If you feel that you sometimes drink too much alcohol, or your drinking is causing problems, or if your family is concerned about your drinking, talk with your health care provider. Other ways to get help include talking with a mental health professional or seeking help from a support group such as Alcoholics Anonymous or a similar type of self-help group. Indeed, it does not matter the reasons why teens have chosen to abuse alcohol. Instead, what matters is that parents take action before the usage worsens. The simple truth is that prevention always is better than treatment. Thus, as a parent, you want to catch a problem before it becomes a problem that requires treatment.

Alcohol-induced blackouts are gaps in a person’s memory for events that occurred while they were intoxicated. These gaps happen because alcohol temporarily blocks the transfer of memories from short-term to long-term storage—a process known as memory consolidation—in a brain area called the hippocampus. Parents need to understand the grim consequences of alcohol poisoning and recognize this severe and potentially fatal reaction to an alcohol overdose. By knowing the signs of alcohol poisoning, you can take the actions needed to save your teen’s life. Additionally, the NIAAA notes that people who start drinking before age 15 are more than three times as likely to develop AUD as an adult than people who waited until age 21 to start drinking. According to the National Institute on Alcohol Abuse and Alcoholism (NIAAA), about 3.4% of US teenagers ages 12 to 17 have AUD.

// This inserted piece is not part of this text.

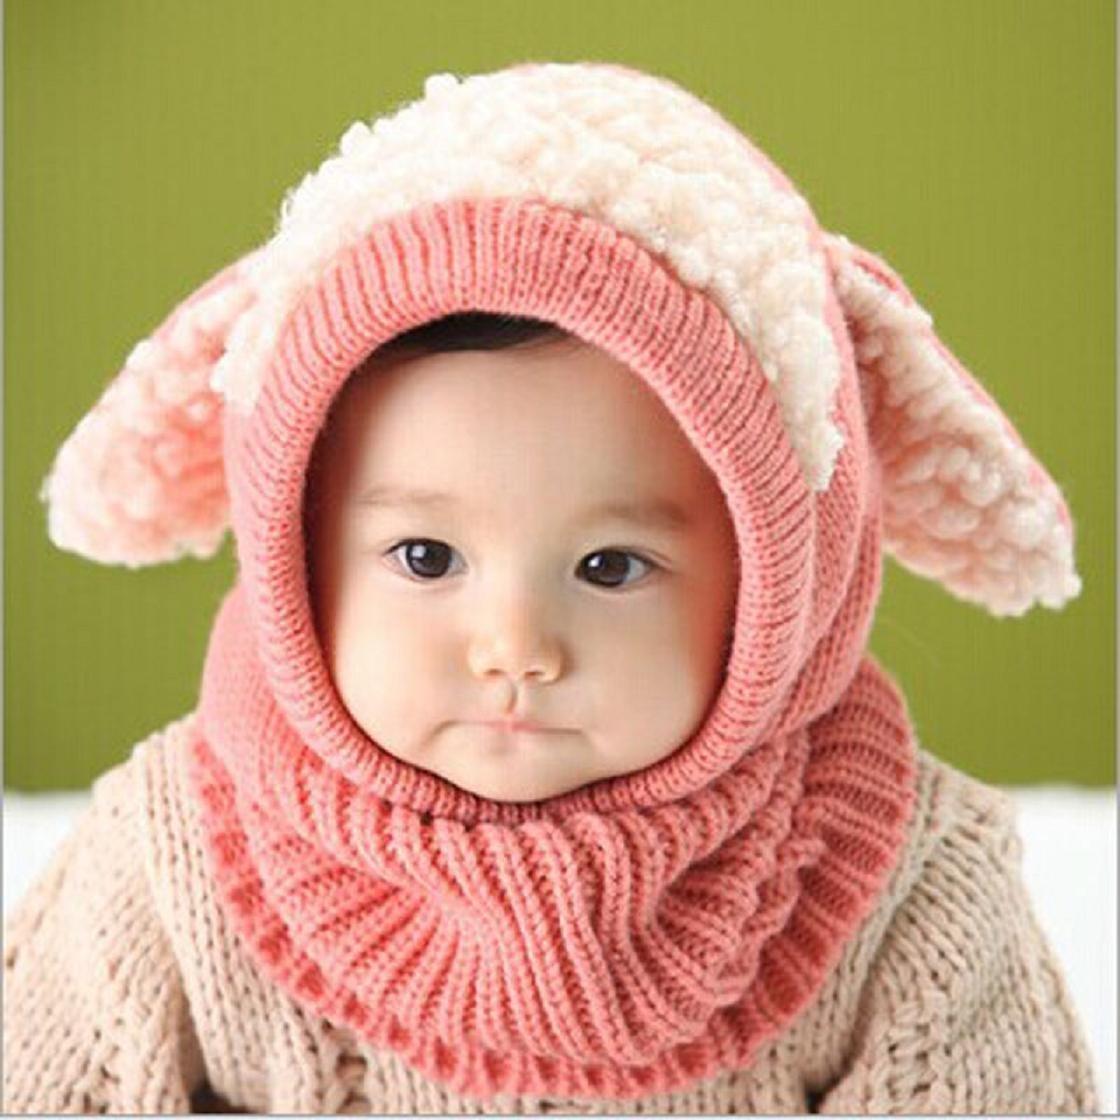 dc423966abcc SevenPanda Enfants Casquette Manteau Tricot Capuche Cagoule hiver en laine  tricotés chapeaux bébé des Filles Garçons
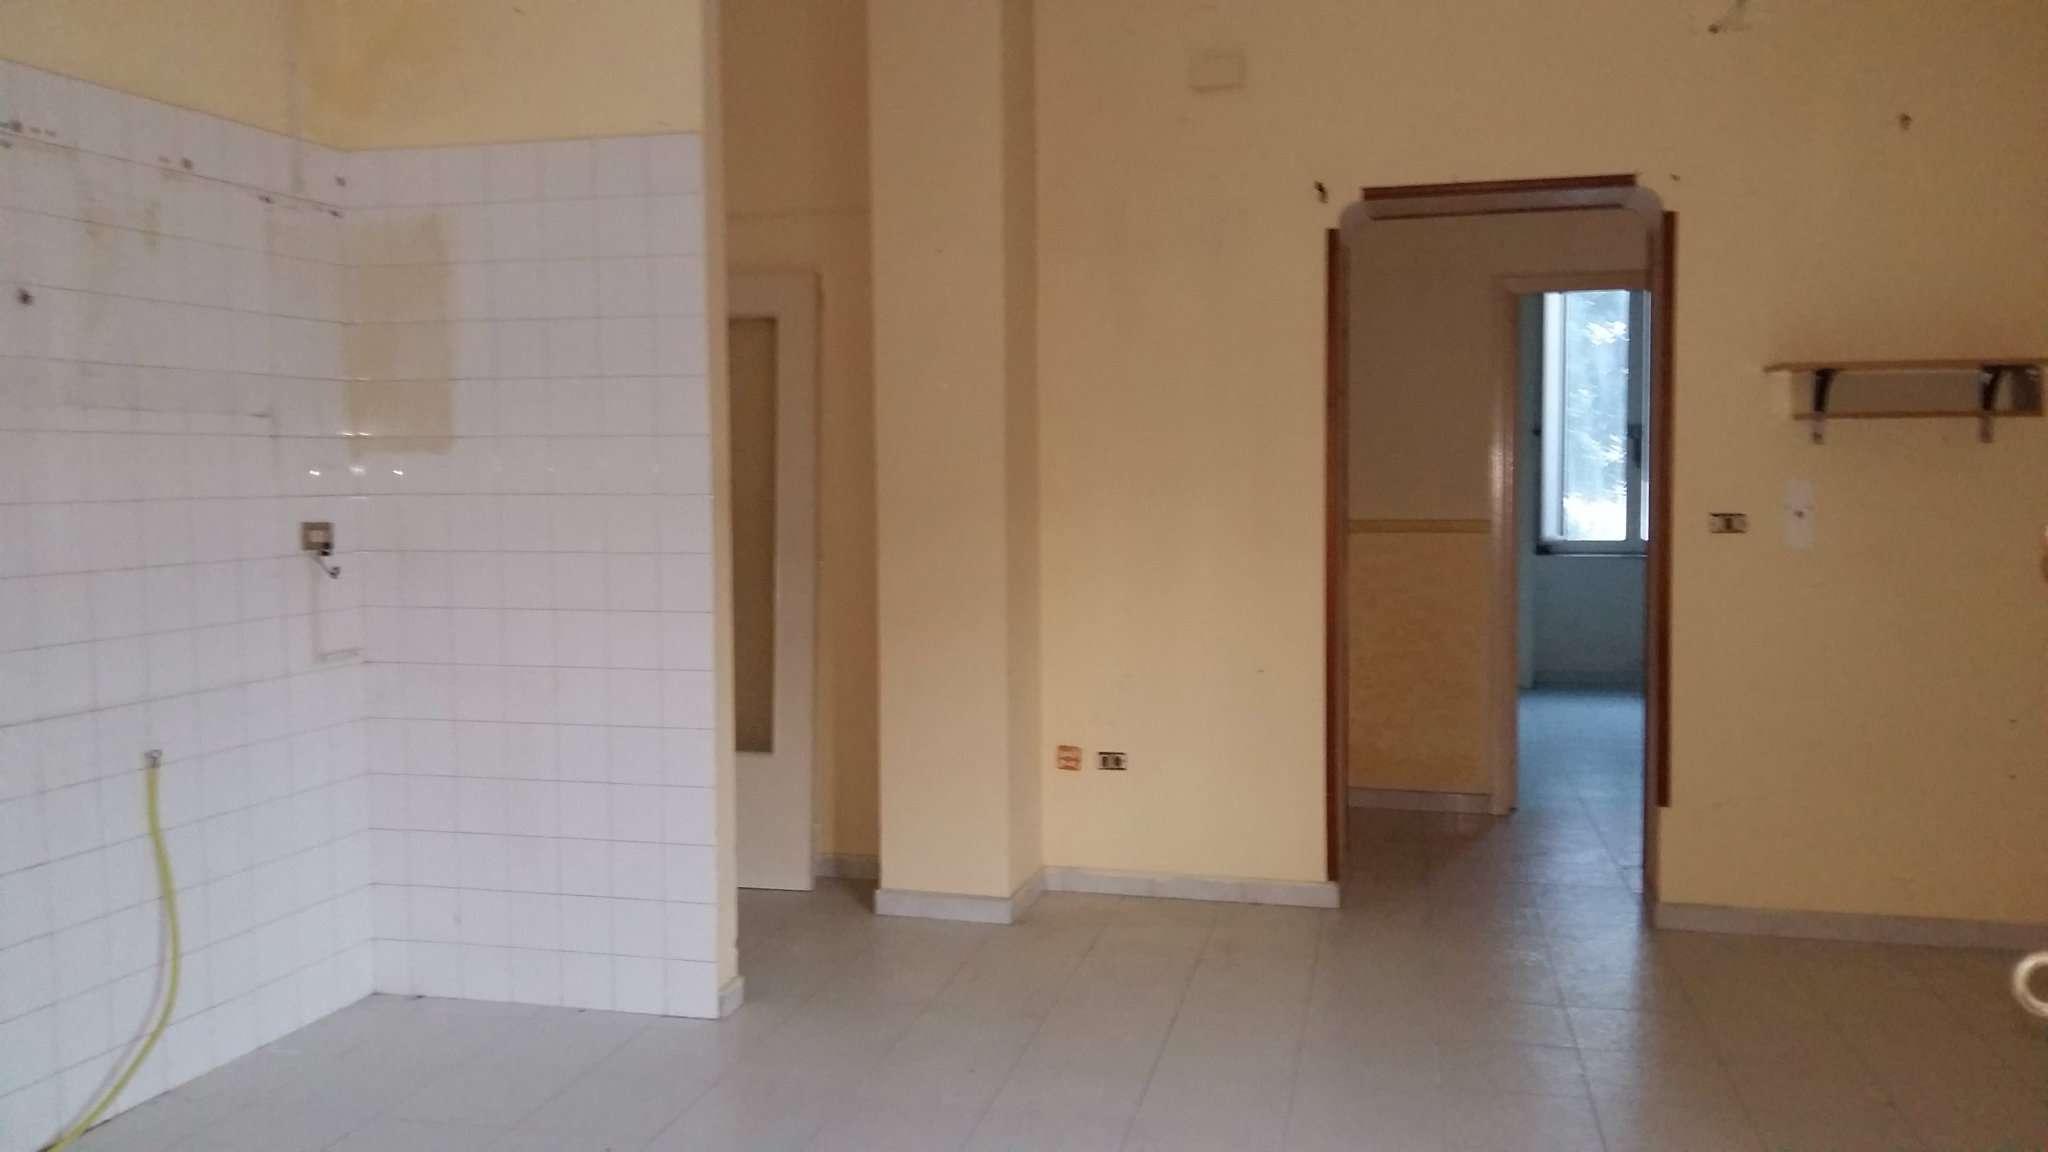 Appartamento in vendita a Scisciano, 3 locali, prezzo € 67.000 | CambioCasa.it

Other studies have shown that alcohol use tends to increase with age during adolescence, with older teens more likely to drink and engage in heavy or binge drinking. Thus, as a parent or a loved one of a young person, we want you to know more about teen alcohol abuse and underage drinking. Before illuminating the problem of teen binge drinking, going into the risk factors for teenage alcohol abuse, and then detailing the signs of teen drinking, you need to know the statistics. Given the combination of health and safety risks, parents need to keep teens and alcohol abuse far apart. When teens drink, dangerous and destructive things tend to happen.

Alcohol poisoning is the potentially fatal result of drinking excessive amounts of alcohol in a short period. It is caused by alcohol slowing down the body’s functions (for example, breathing, heart rate, and gag reflex), thereby potentially leading to choking, coma, stopped breathing, stopped heart, and death. Studies show a relationship between underage drinking behaviors and the drinking behaviors of adult relatives, adults in the same household, and adults in the same community and state. Underage alcohol consumption is common in the United States and can have harmful outcomes. A comprehensive approach that includes effective policy strategies can prevent underage drinking and related harms.

In fact, the National Institutes of Health (NIH) established the National Institute on Alcohol Abuse and Alcoholism (NIAAA) to address the problem. In a recent publication, the NIAAA rightfully raised the alarm about teen alcohol abuse and underage drinking. Some research indicates that psychiatric medications like lithium (Lithobid), fluoxetine (Prozac), and sertraline (Zoloft) may be useful in decreasing alcohol use in teens who have another mental health disorder in addition to alcohol abuse. Ondansetron (Zofran) may reduce alcohol cravings in people whose problem drinking began before they were 25 years old.